VAT receipts help boost revenue, but income tax below target
The amount of tax collected so far this year is €44m better than expected, even though income tax has fallen short.
Income tax is 6pc below the target for February, which runs counter to data showing a steady fall in unemployment.
But the Department of Finance said this was due to exit taxes on life assurance policies coming in below target.
So far this year, €7.47bn has been collected in taxes - €44m, or 0.6pc, ahead of target.
The total has been boosted by better-than-projected VAT receipts, which are €212m ahead of profile even though February was a non-VAT month.

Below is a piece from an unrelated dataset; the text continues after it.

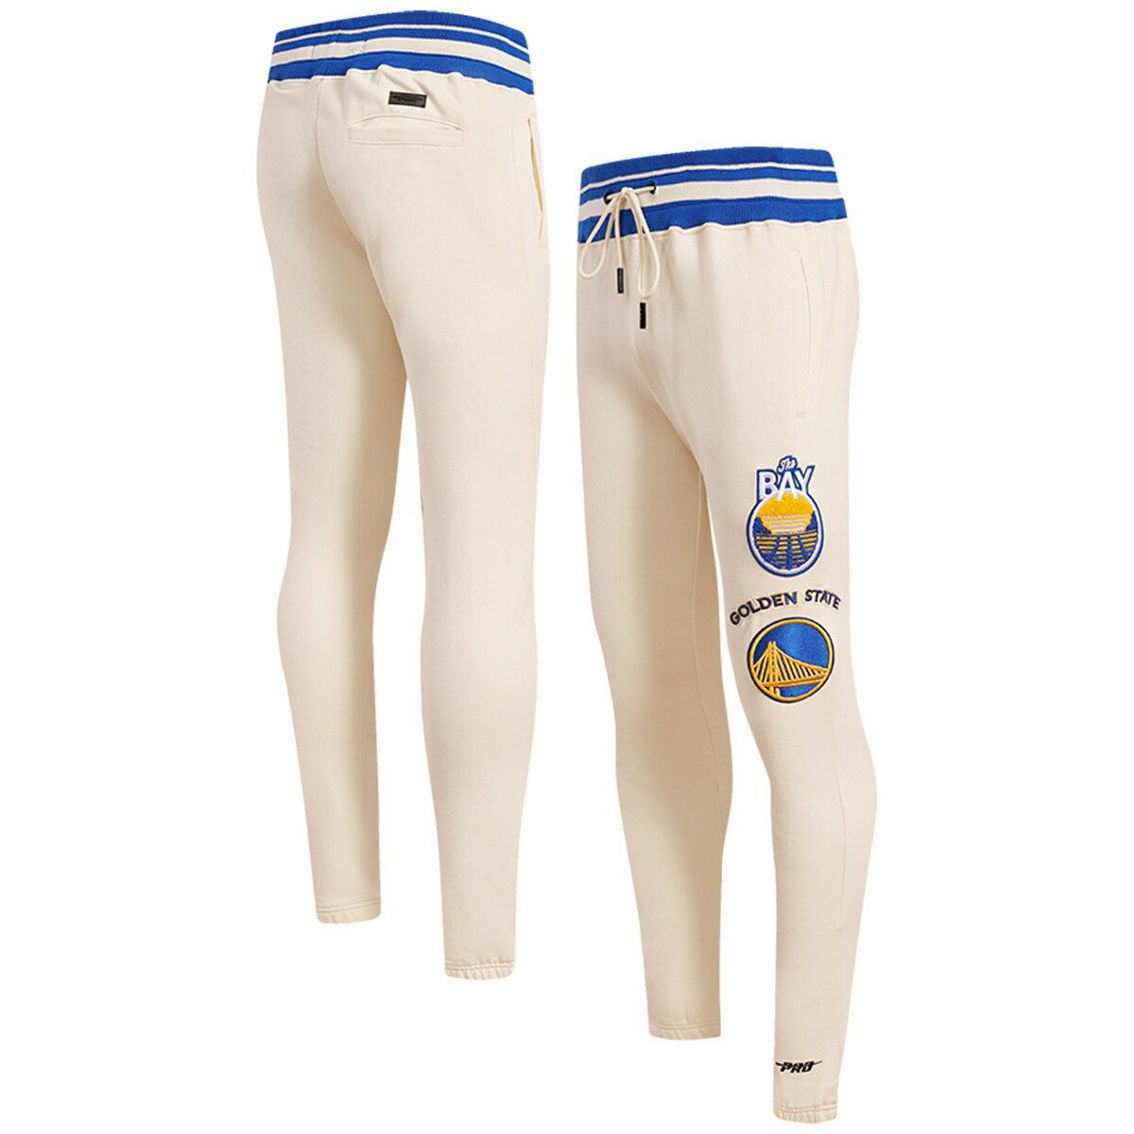 Pro Standard Men's Cream Golden State Warriors Retro Classic Fleece Sweatpants - Image 2 of 4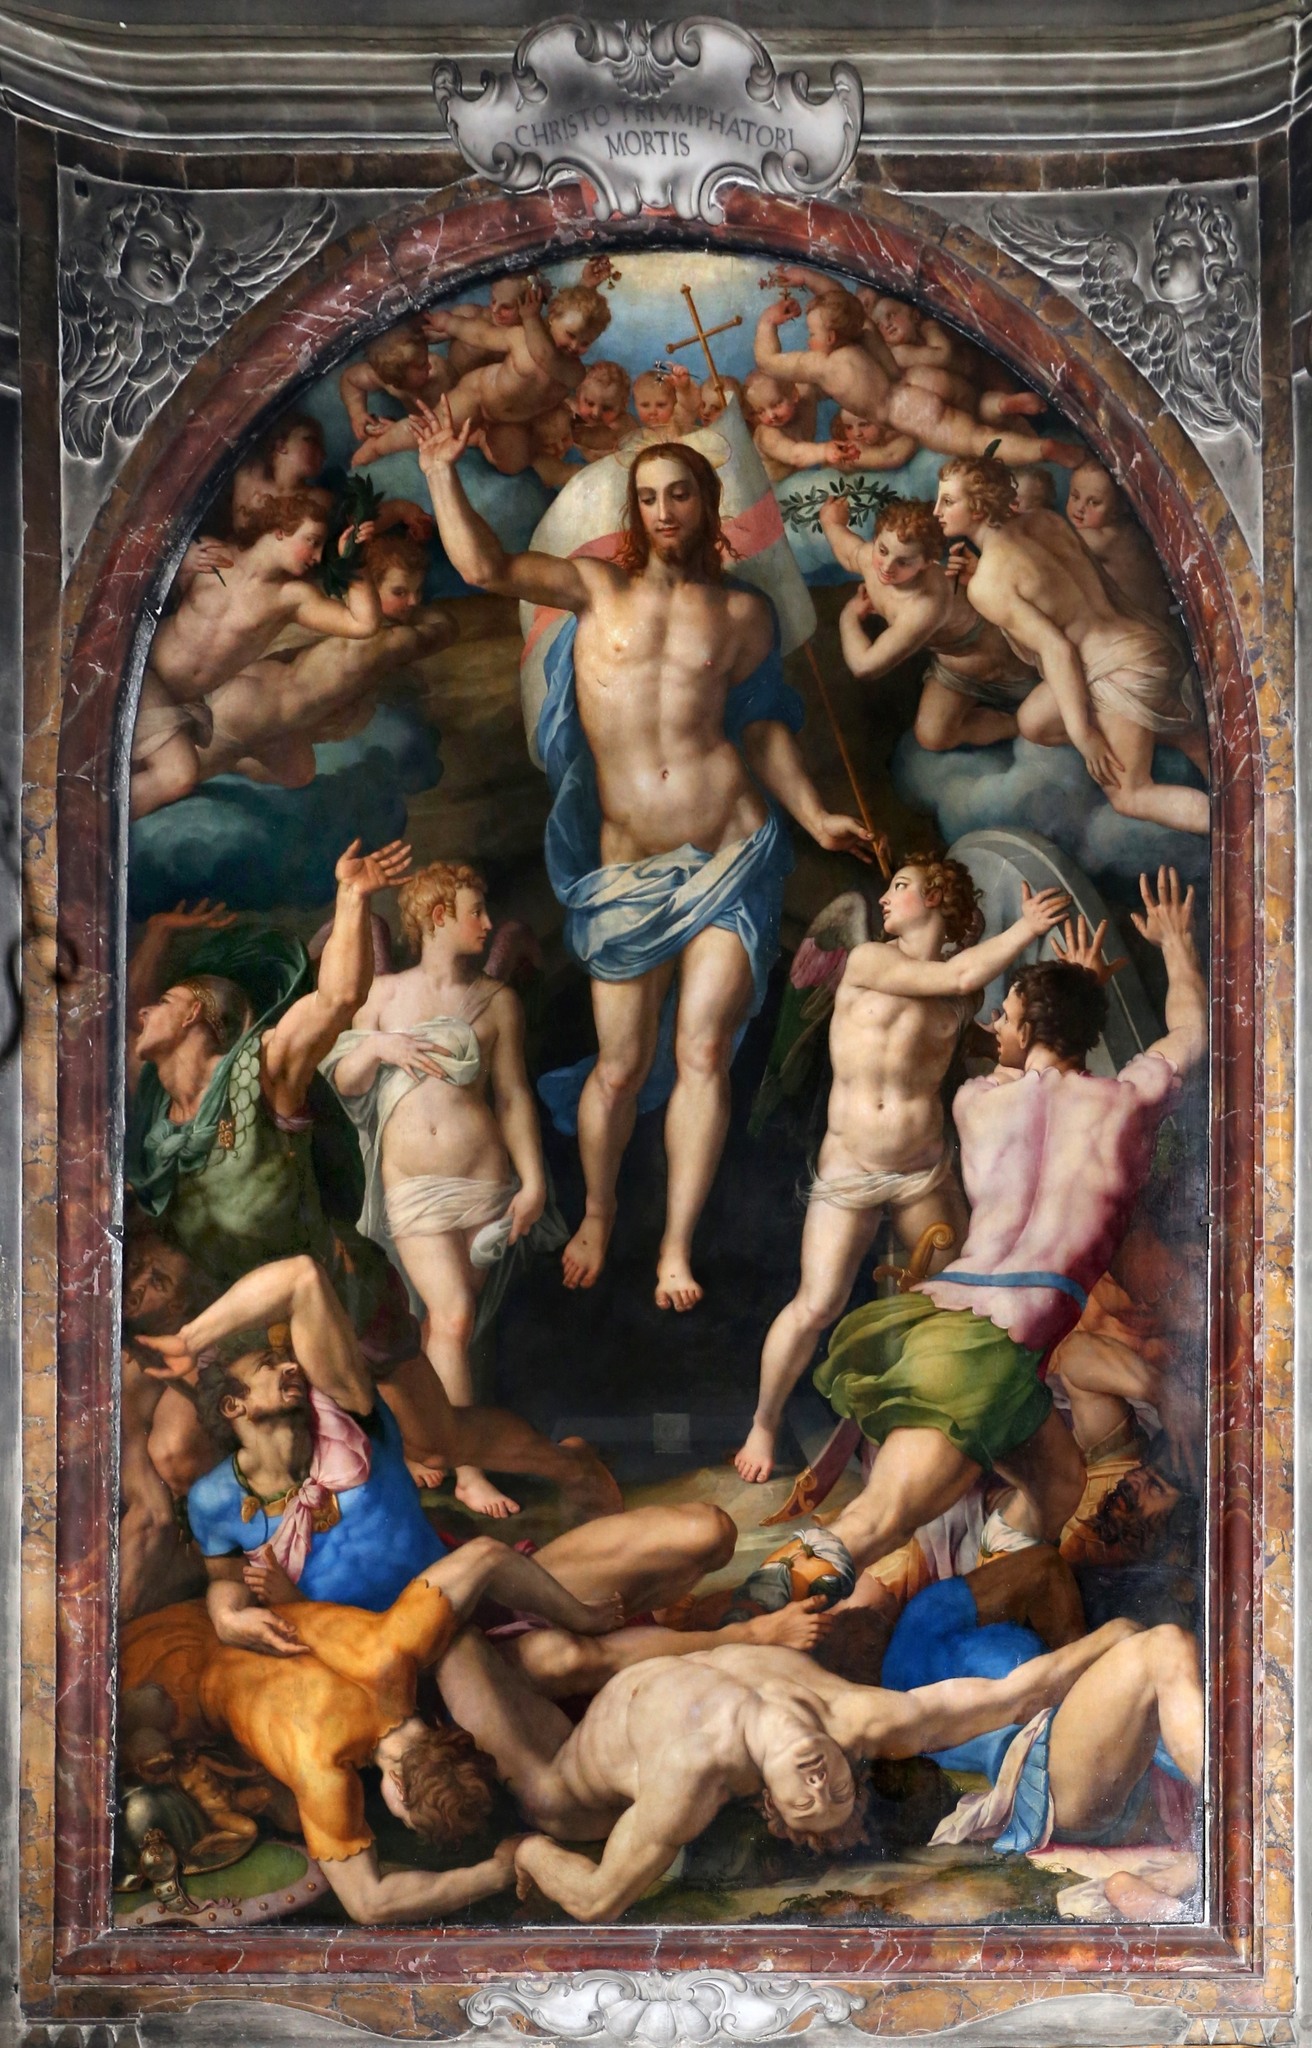 Catholic artwork

The better-than-expected performance was helped in part by lower than projected repayments to companies.
Peter Vale, tax partner at Grant Thornton, said Finance Minister Michael Noonan would be hoping that ongoing strong VAT receipts and corporation tax collections prop up any further underperformances.
"However, longer term, both VAT and corporation tax receipts remain susceptible to developments elsewhere, including Brexit and potential US tax reform," he said.
Davy Stockbrokers struck a more upbeat tone, saying the data paints an encouraging picture.
"The highlight so far is VAT receipts, up 17pc on last year," Davy economist Conall Mac Coille said.
"The public finances are already €130m ahead of the Government's €1.2bn deficit target for 2017."
So far this year, income tax is 3.8pc below target, corporation tax is 4.7pc lower, excise is 7.3pc below, and stamp duty is 12.9pc under. VAT is 8.1pc above target.